Soundtrack album by Various artists
- Released: March 17, 1998
- Recorded: 1997–1998
- Genres: Hip hop; R&B;
- Length: 1:02:53
- Labels: Heavyweight Records, A&M Records
- Producers: Ice Cube (exec.); Terry Carter (co-exec.); Rick "Dutch" Cousin; Glen Brunman; Binky Mack; Bud'da; Chad "Dr. Ceuss" Elliot; Craig B; DJ Battlecat; DJ Clue?; Joseph "Adonis" Carn; DURO; Edmund Clement; Frank Fitzpatrick; Michael Angelo Saulsberry; Mo-Suave-A; Rhett Lawrence; Tim & Bob;

Singles from The Players Club
- "We Be Clubbin'" Released: December 18, 1997; "Same Tempo" Released: March 17, 1998; "Splackavellie" Released: 1998;

= The Players Club (soundtrack) =

The Players Club: Music From and Inspired by the New Line Cinema Motion Picture is the soundtrack to Ice Cube's 1998 film The Players Club. It was released on March 17, 1998, through Heavyweight Records, Epic Records and Sony Music Soundtrax and consists of hip hop and contemporary R&B music. The album features songs from the film's star, Ice Cube, as well as Mr. Short Khop, Brownstone, Changing Faces, Dalvin DeGrate, DJ Spinderella, DMX, Jay-Z, Kurupt, Lil' Mo, Mack 10, Master P, Memphis Bleek, Mia X, Pressha, Public Announcement, Sauce Money, Scarface and more.
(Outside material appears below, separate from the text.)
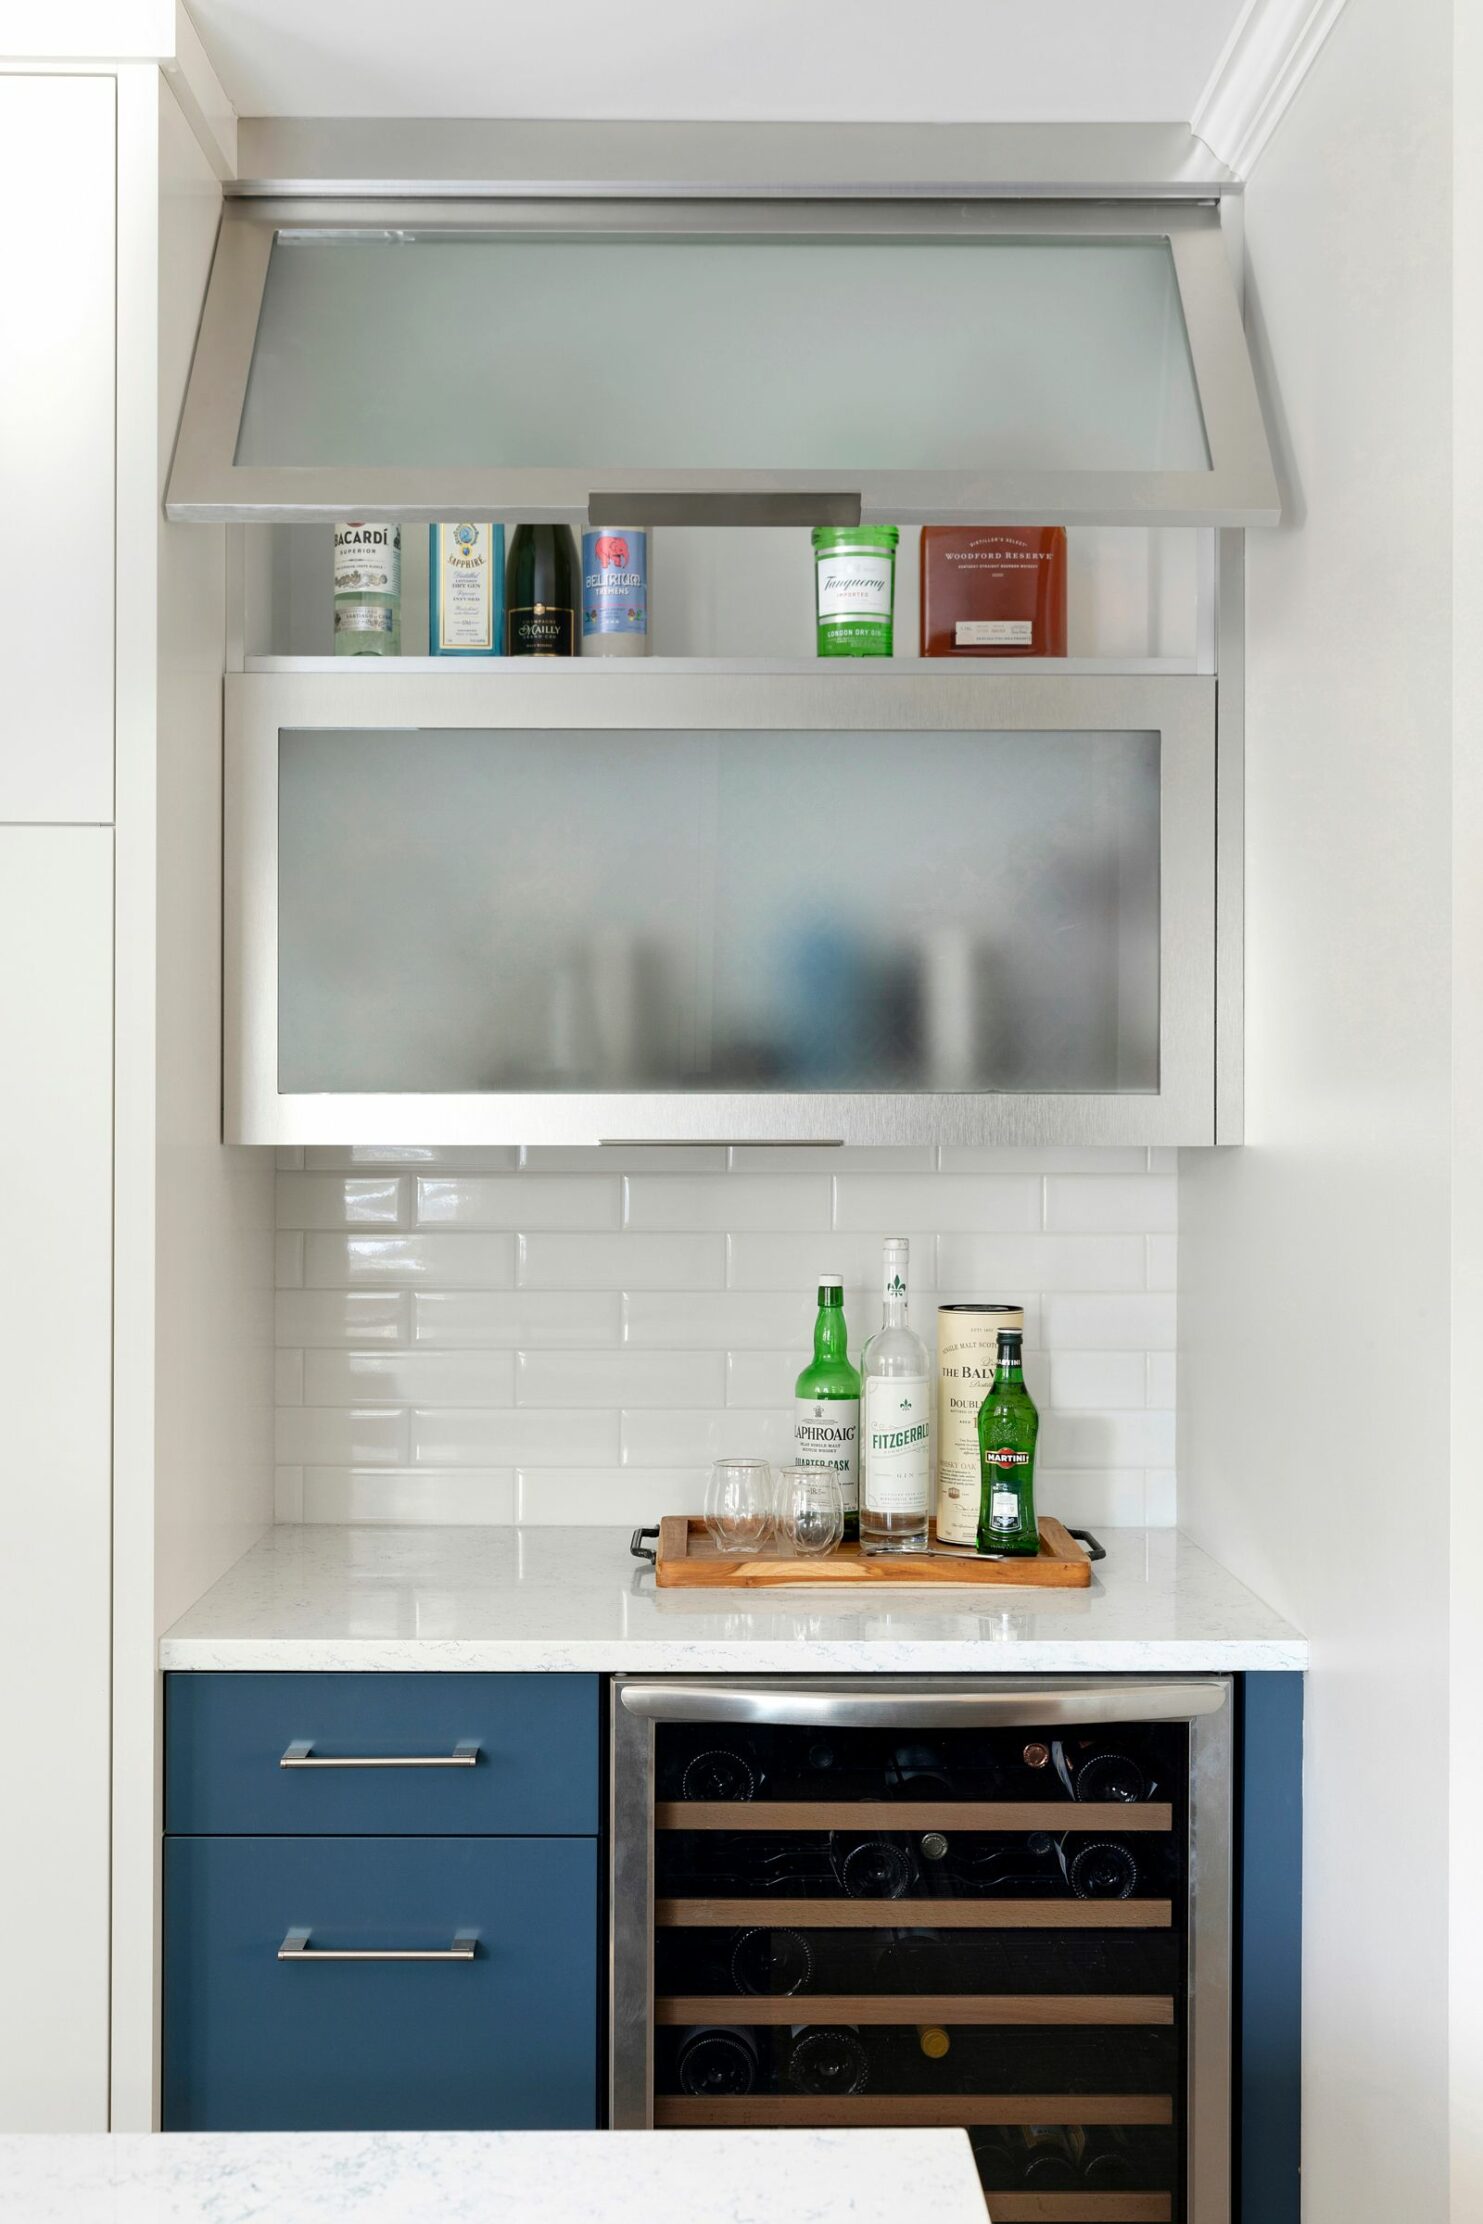 Wet bar and organizational system in a kitchen remodel

The soundtrack made it to number 10 on the Billboard 200 and number 2 on the Top R&B/Hip-Hop Albums chart in the United States.

Professional ratings
Review scores
| Source | Rating |
| AllMusic | Star |

==Track listing==

| No. | Title | Producer(s) | Length |
|---|---|---|---|
| 1. | "We Be Clubbin'" (performed by Ice Cube) | Rick "Dutch" Cousin | 4:47 |
| 2. | "We Be Clubbin' (Clark World Remix)'" (performed by Ice Cube & DMX) | Rick "Dutch" Cousin | 4:23 |
| 3. | "Who Are You Lovin'" (performed by Ice Cube & Mr. Short Khop) | Mo-Suave-A | 4:30 |
| 4. | "Same Tempo" (performed by Changing Faces) | Edmund Clement | 4:52 |
| 5. | "Under Pressure" (performed by Kurupt) | Battlecat | 4:04 |
| 6. | "You Know I'm a Ho" (performed by Ice Cube & Master P) | Bud'da | 4:17 |
| 7. | "Splackavellie" (performed by Pressha) | Joseph "Adonis" Carn | 4:01 |
| 8. | "You Delinquent" (performed by Mack 10 & Scarface) | Rick "Dutch" Cousin; Binky Mack; | 3:55 |
| 9. | "From Marcy to Hollywood" (performed by Jay-Z, Memphis Bleek & Sauce Money) | DJ Clue; DURO; | 3:11 |
| 10. | "Don't Play Me Wrong" (performed by Brownstone) | Rhett Lawrence | 4:28 |
| 11. | "Shake Whatcha Mama Gave Ya (But Make Sho Your Niggas Pay Ya)" (performed by Mia X) | Craig B | 4:17 |
| 12. | "What a Woman Feels" (performed by Public Announcement) | Frank Fitzpatrick; Michael Angelo Saulsberry; | 3:33 |
| 13. | "Don't Worry (My Shorty)" (performed by Rufus Blaq & Spinderella) | Chad "Dr. Ceuss" Elliot | 3:56 |
| 14. | "My Loved One" (performed by Ice Cube & Mr. Short Khop) | Binky Mack | 4:32 |
| 15. | "Get Mine" (performed by Mr. Dalvin of Jodeci) | Tim & Bob | 4:07 |
| 16. | "Dreamin'" (performed by EMmage, Mr. Short Khop & Lil' Mo) | Bud'da |  |
| Total length: |  |  | 1:02:53 |

==Charts==

===Weekly charts===

| Chart (1998) | Peak position |
|---|---|
| US Billboard 200 | 10 |
| US Top R&B/Hip-Hop Albums (Billboard) | 2 |

===Year-end charts===

| Chart (1998) | Position |
|---|---|
| US Billboard 200 | 89 |
| US Top R&B/Hip-Hop Albums (Billboard) | 19 |

==Certifications==

| Region | Certification | Certified units/sales |
| United States (RIAA) | Platinum | 1,000,000^{^} |
^{^} Shipments figures based on certification alone.